Inclusion Criteria:

- Signed written informed consent prior to performing any study-specific procedures

- Patients with B-CLL and newly diagnosed not previously treated and biopsy proven
DLBCL Richter's transformation

- Computerised tomography (CT) scan performed within 6 weeks prior to starting
treatment.

- ECOG (Eastern Cooperative Oncology Group) Performance Status of 0, 1, 2 or 3

- Age 18 years and over.

Exclusion Criteria:

- Treatment for DLBCL within 6 months prior to registration.

- Known central nervous system (CNS) involvement of B-CLL.

- Any malignancy that requires active treatment with the exception of basal cell
carcinoma and non-invasive squamous cell carcinoma.

- Chronic or ongoing active infectious disease requiring systemic treatment such as,
but not limited to, chronic renal infection, chronic chest infection with
bronchiectasis, tuberculosis and active hepatitis.

- Subjects meeting any of the following criteria must not be enrolled in the study:

- Positive serology for Hepatitis B (HB) defined as a positive test for HBsAg (the
surface antigen of the Hepatitis-B-Virus).
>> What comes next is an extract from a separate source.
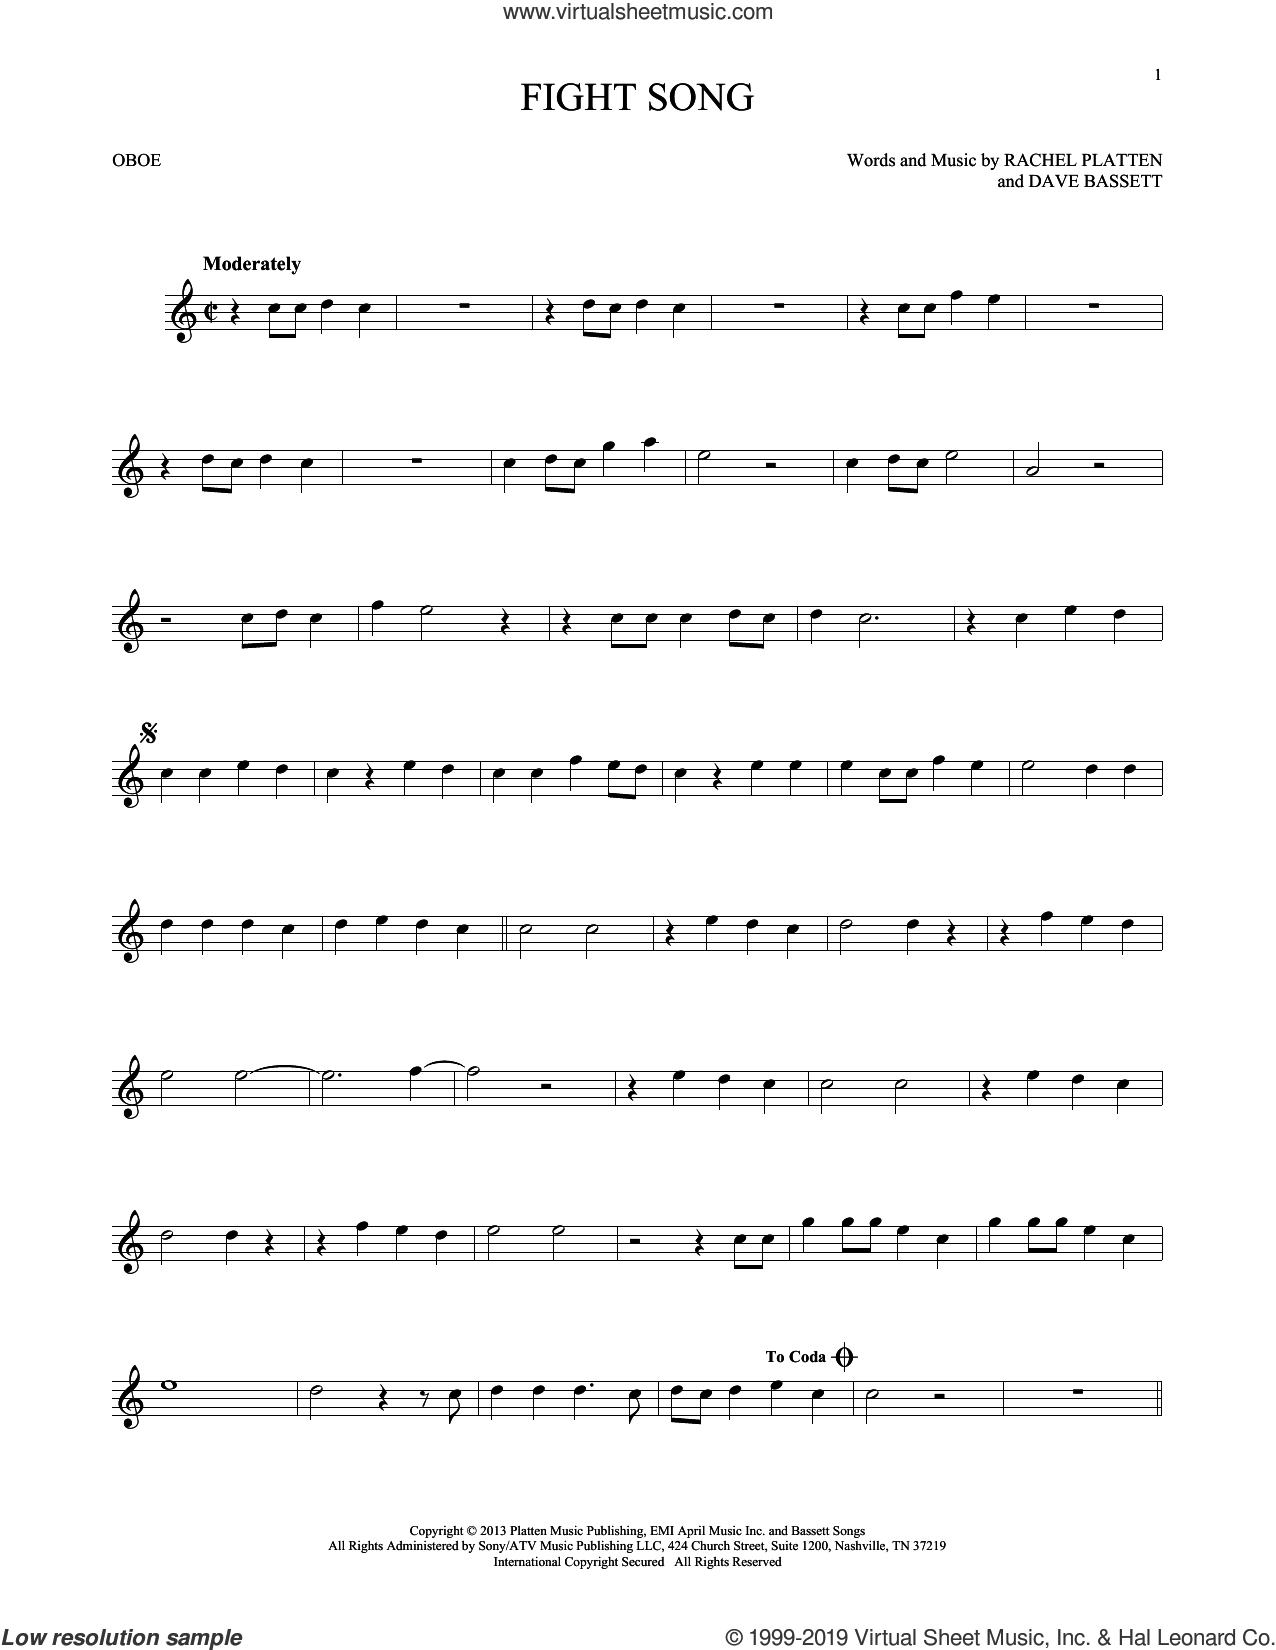 Fight Song sheet music for oboe solo by Rachel Platten and Dave Bassett, intermediate skill level

In addition, if negative for HBsAg but
HBcAb (Hepatitis B core Antibody) positive (regardless of HBsAb status), a HB DNA
test will be performed and if positive the subject will be excluded. Consent will be
sought prior to any test being performed.

- Clinically significant cardiac disease including unstable angina, congestive heart
failure, and arrhythmia requiring therapy, with the exception of extra systoles or
minor conduction abnormalities.

- Significant concurrent, uncontrolled medical condition including, but not limited to,
renal, hepatic, haematological, gastrointestinal, endocrine, pulmonary, neurological,
cerebral or psychiatric disease.

- History of significant cerebrovascular disease in last 6 months.

- Known Human immunodeficiency virus (HIV) positive.

- Known or suspected hypersensitivity to components of investigational product.

- Patients who have received treatment with any non-marketed drug substance or
experimental therapy within 4 weeks prior to Visit 2 (start of treatment, cycle 1,
day 1).

- Current participation in any other interventional clinical study.

- Patients known or suspected of not being able to comply with a study protocol (e.g.
due to alcoholism, drug dependency or psychological disorder).

- Breast feeding women or women with a positive pregnancy test at screening.

- Women of childbearing potential not willing to use adequate contraception during
study and for 12 months after last dose of Ofatumumab. Adequate contraception is
defined as abstinence, hormonal birth control or intrauterine devices.